By Jack Ganssle
Topsy Turvey
Published 1/08/2004
Computers are amazing things. My desktop executes billions of instructions per second, even when sitting more or less idle. It reliably - perfectly, actually - moves data to and from a billion bytes of DRAM in nanoseconds while sucking huge files from 400 Gb of hard disk space. Days and at times even weeks go by without a single glitch, yet every second of each of those days the machine slams vast amounts of data around. A single bit error will crash the machine. Yet the occasional problems all arise from imperfect software; the hardware operates flawlessly.
The engineers who design computers work with imperfect components. No one really knows the characteristics of the ICs, capacitors and every other element they use. That 1k resistor might actually be 1024 ohms, and though it's rated at ¬ watt odds are it'll handle a bit more than that, if used in a reasonably-ventilated space in a non-extreme environment. The 5 volt power supply might be putting out more like 4.95 volts, and that figure is likely to change as components age over the years and the mains vary due to summer air-conditioning demands. The track on the PC board doesn't really act like a wire at all; it's a complex transmission line which reflects, attenuates and distorts the digital signal it carries.
But the PC operates reliably because engineers realize their components are less than perfect. They design margin into every aspect of the system. In an ideal world perhaps just a single electron is enough to distinguish a zero from a one, but in the grimy reality of engineering EEs push thousands or millions of electrons down each wire. Capacitors are hard to make precisely, some come with wild tolerances like -20/+80%. We're not really sure how many farads the vendor will provide. so design in plenty of margin to ensure success.
Margin is the essence of reliable engineering. Civil engineers don't know exactly how strong a bridge beam will be, especially when it's a concrete structure poured on-site by bored and careless laborers. The bridge stands because the beam is two or three times stronger than absolutely needed. When building the Brooklyn Bridge Roebling (see The Great Bridge by David McCollough for a wonderful book) discovered the wire used to suspend the entire bridge was of inferior quality. Yet his design had so much margin that the bridge still stands a century later, still held up by some of that bad wire.
In the firmware world we work with perfect components. A one is a one is a one. But there's no margin in the world of firmware engineering. One unitialized variable, a single miscomputed bit, just one mismatched push/pop pair, causes the application to crash. If the user types in unexpected data or operates knobs out of sequence our code might kill someone (example: the Therac 25 (see http://sunnyday.mit.edu/papers/therac.pdf)).
Our programs are like bridges without margin, likely to collapse under the most feeble stress.
In truth, there are some techniques that add a bit of margin to our code. Build the system around an MMU and individual tasks might fail, but a very smart OS can save the system. Pepper the code with asserts() to find error conditions and then take corrective action. Add redundant execution streams to identify and repair software errors. Include stack monitors, malloc() traps, and plenty of other instrumentation to build fault-tolerant code. Of course few of us actually do any of this.
Yet these strategies reveal that firmware is topsy turvey compared to any other form of engineering. Software margins come at the expense of vastly increased design costs, with, in these days of cheap transistors, little in the way of increased production expenses. The Shuttle's code is probably the best software ever written. Price tag: $1000 per line.
Bridge-building, though, is all about materials cost. A mere stroke of the designer's pen increases the size of a beam, but perhaps doubles production costs.
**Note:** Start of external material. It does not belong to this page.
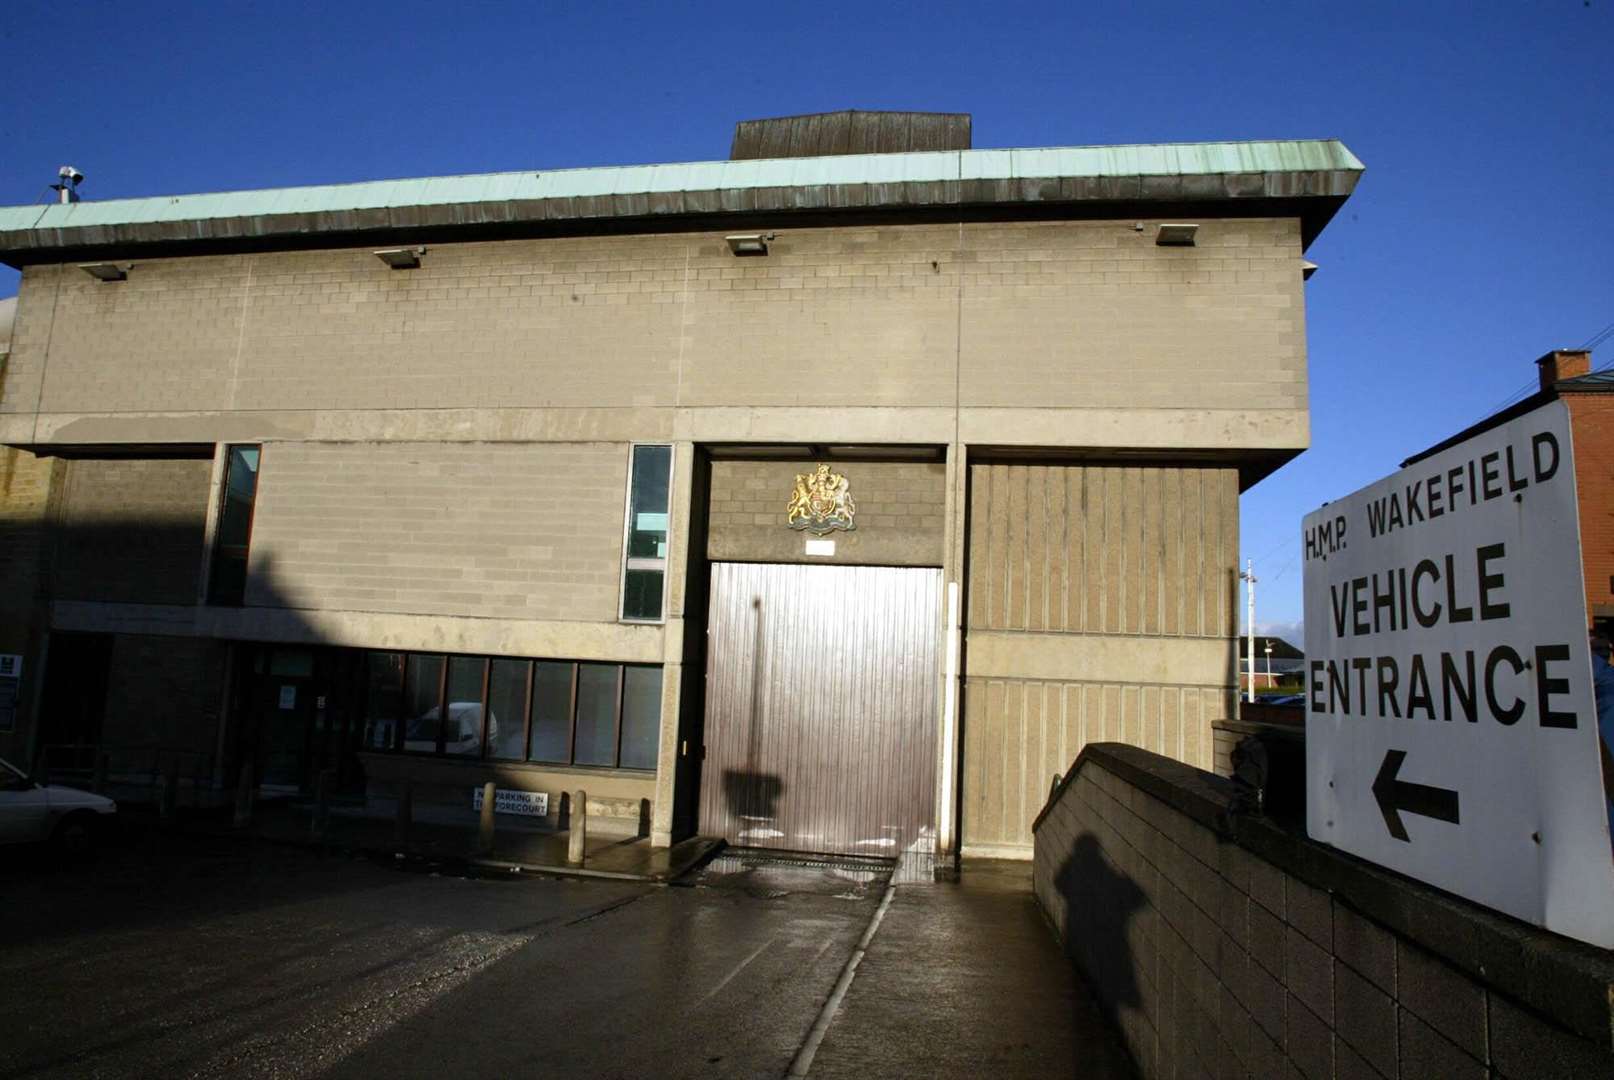 The incident happened at HMP Wakefield where Roy Whiting is currently serving a life sentence (Gareth Copley/PA)

The wise EE who's worried about pushing .2 watts through a ¬ watt resistor simply uses the next size up. There's zero design effort but substantial recurring costs.
Perhaps software engineering is somewhat akin to automotive design. The car industry must minimize recurring costs - which includes the costs due to recalls and repairing defects. They spend billions engineering a new product. Or maybe it's like building a spacecraft; of the $800 million spent on the Mars Expedition Rovers, only a pittance is in materials cost. Engineering sucked up the largest chunk, because failure is intolerable.
Both automotive and spaceflight share the same philosophy: perfection is worth plenty of engineering dollars. Sadly, that's a far cry from the approach of most firmware engineering projects, where nothing is more important than minimizing NRE and the schedule.
What do you think? Can we put more margin into our firmware? Is it worth the extra time and effort?